Pictures excluded, output the lines of the data below between the one holding "TOMS Mens Alpargata" and the one holding "Family holidays in", inclusive, exactly as they stand.

_Exercise inputs_
----------
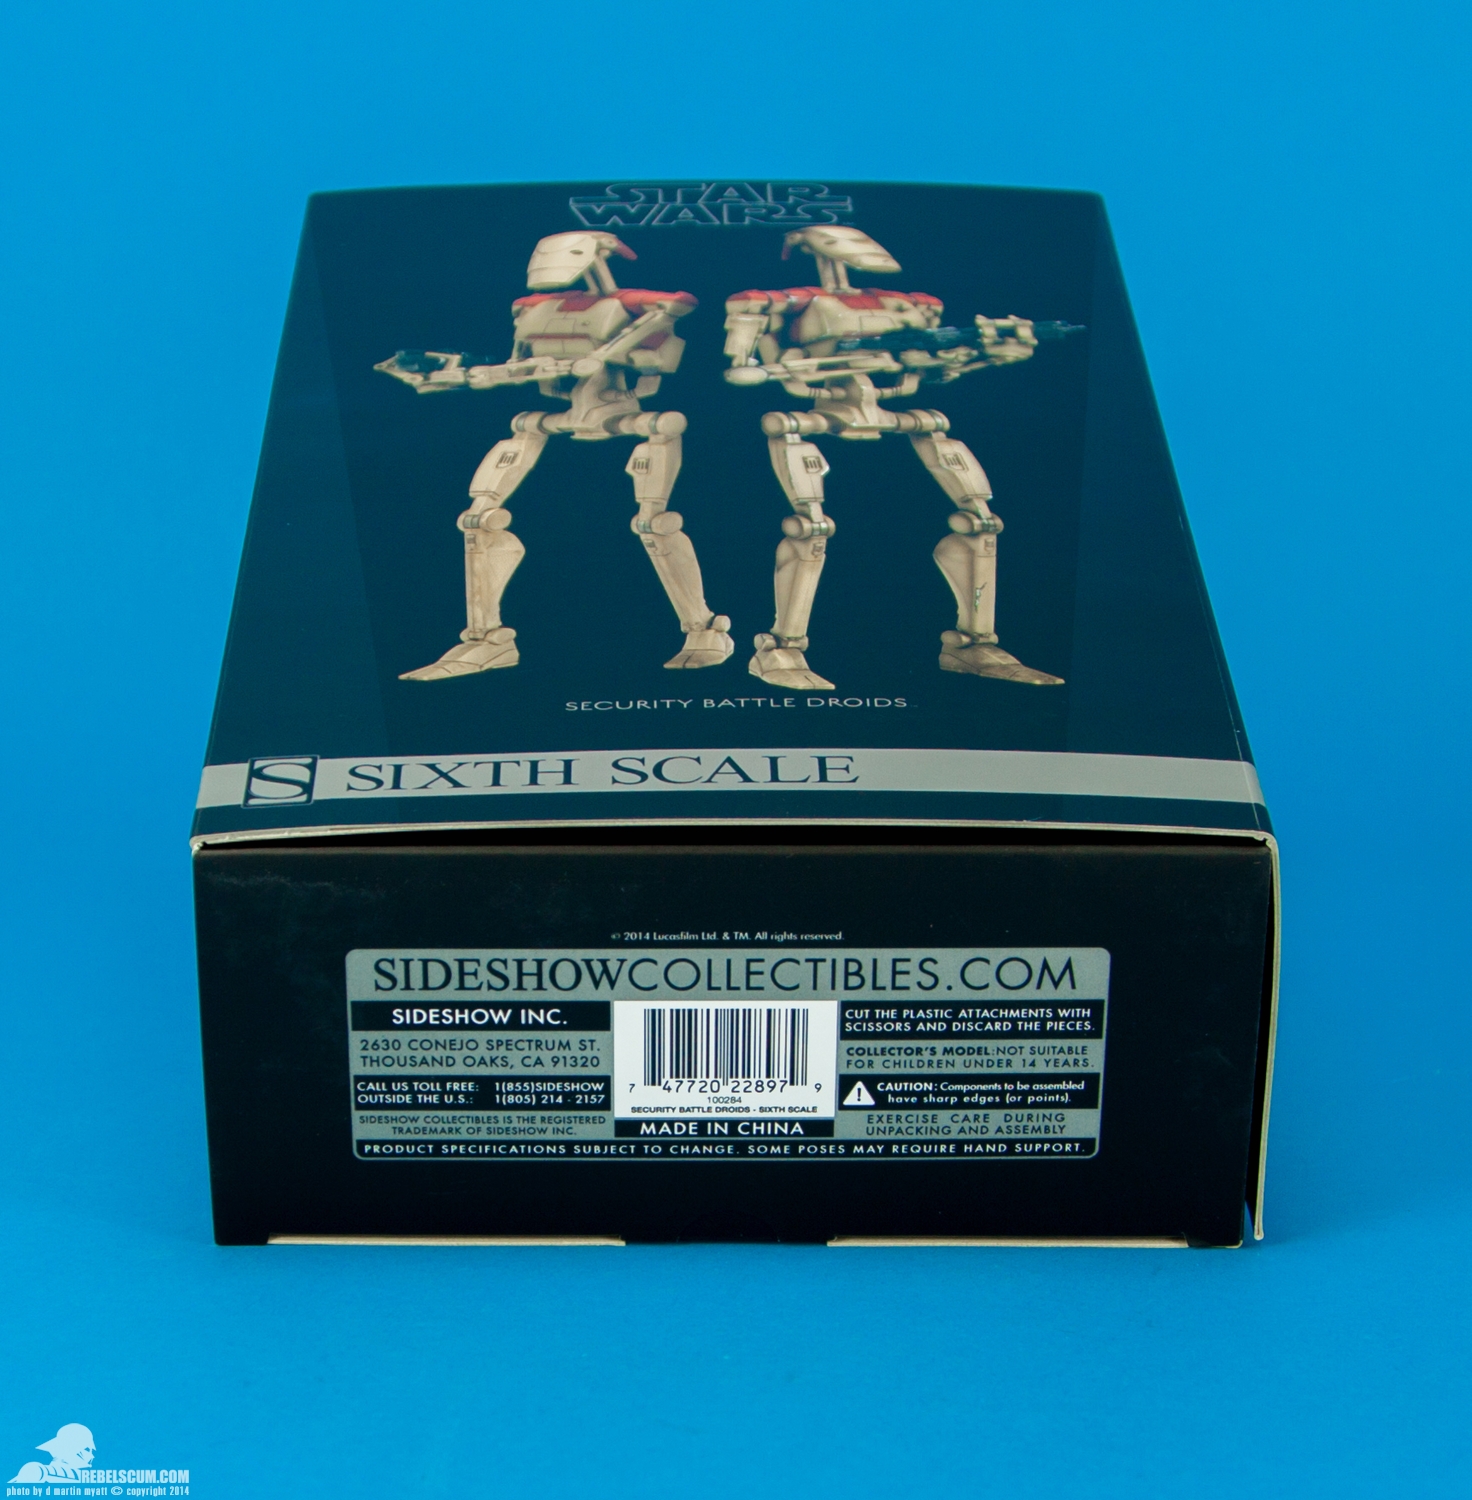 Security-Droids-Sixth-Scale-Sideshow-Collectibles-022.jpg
----------
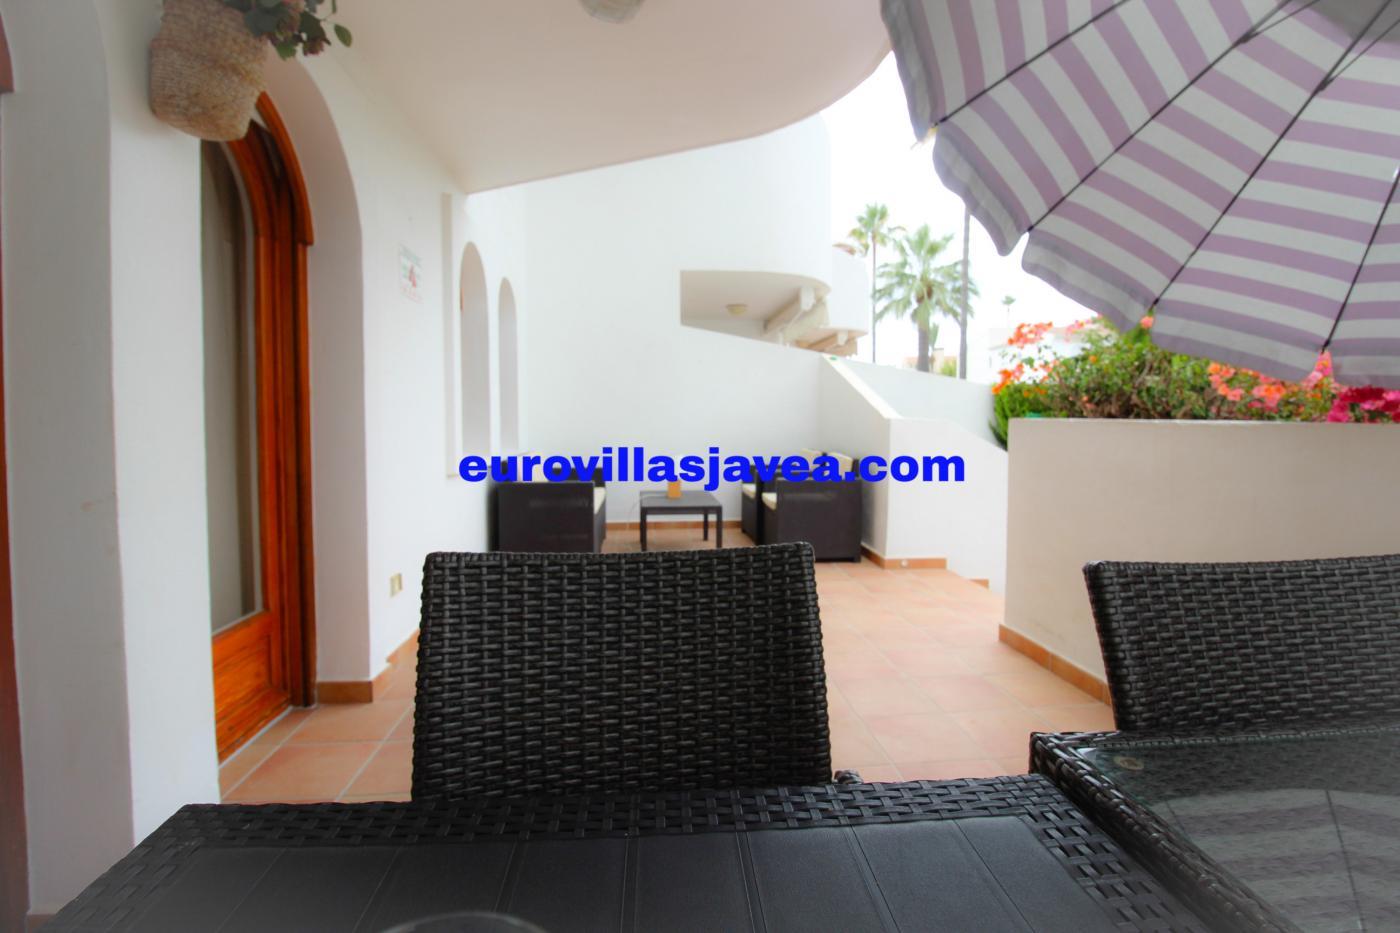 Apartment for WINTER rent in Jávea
----------
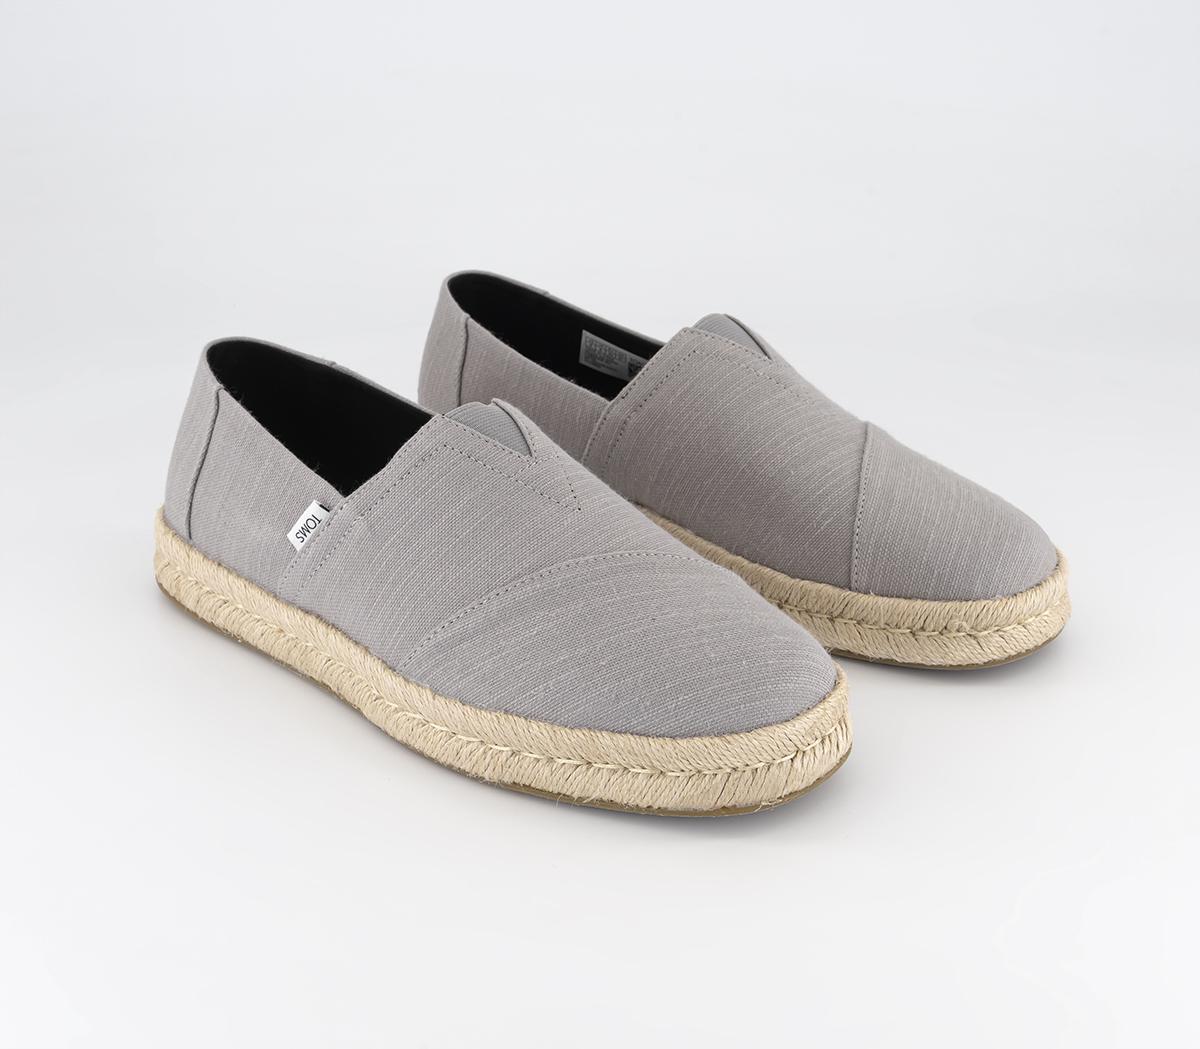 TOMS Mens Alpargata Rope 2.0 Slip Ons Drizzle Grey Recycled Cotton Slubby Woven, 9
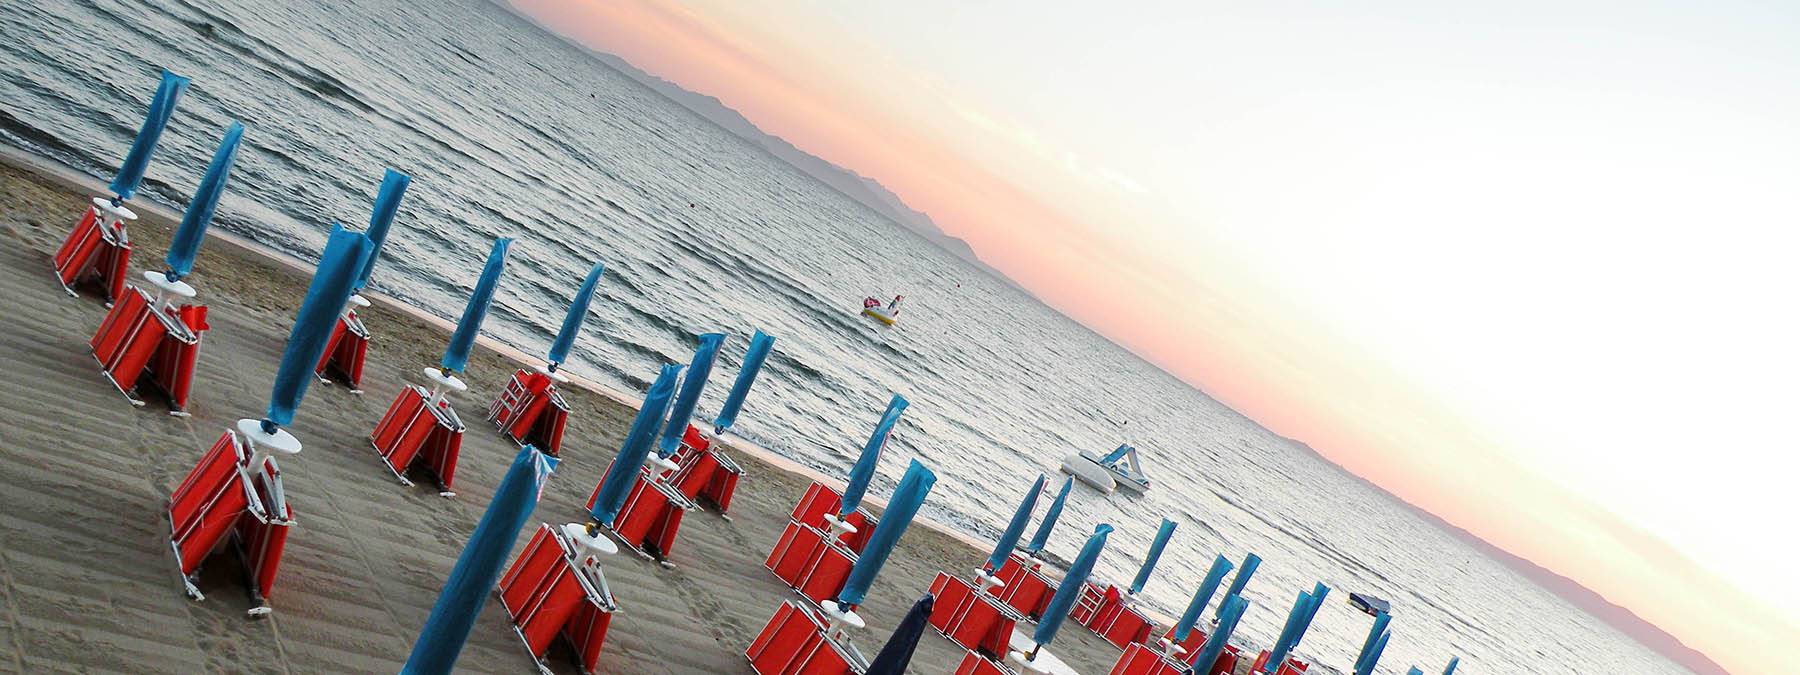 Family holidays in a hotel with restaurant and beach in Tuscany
----------
_Solution_
 TOMS Mens Alpargata Rope 2.0 Slip Ons Drizzle Grey Recycled Cotton Slubby Woven, 9
 Family holidays in a hotel with restaurant and beach in Tuscany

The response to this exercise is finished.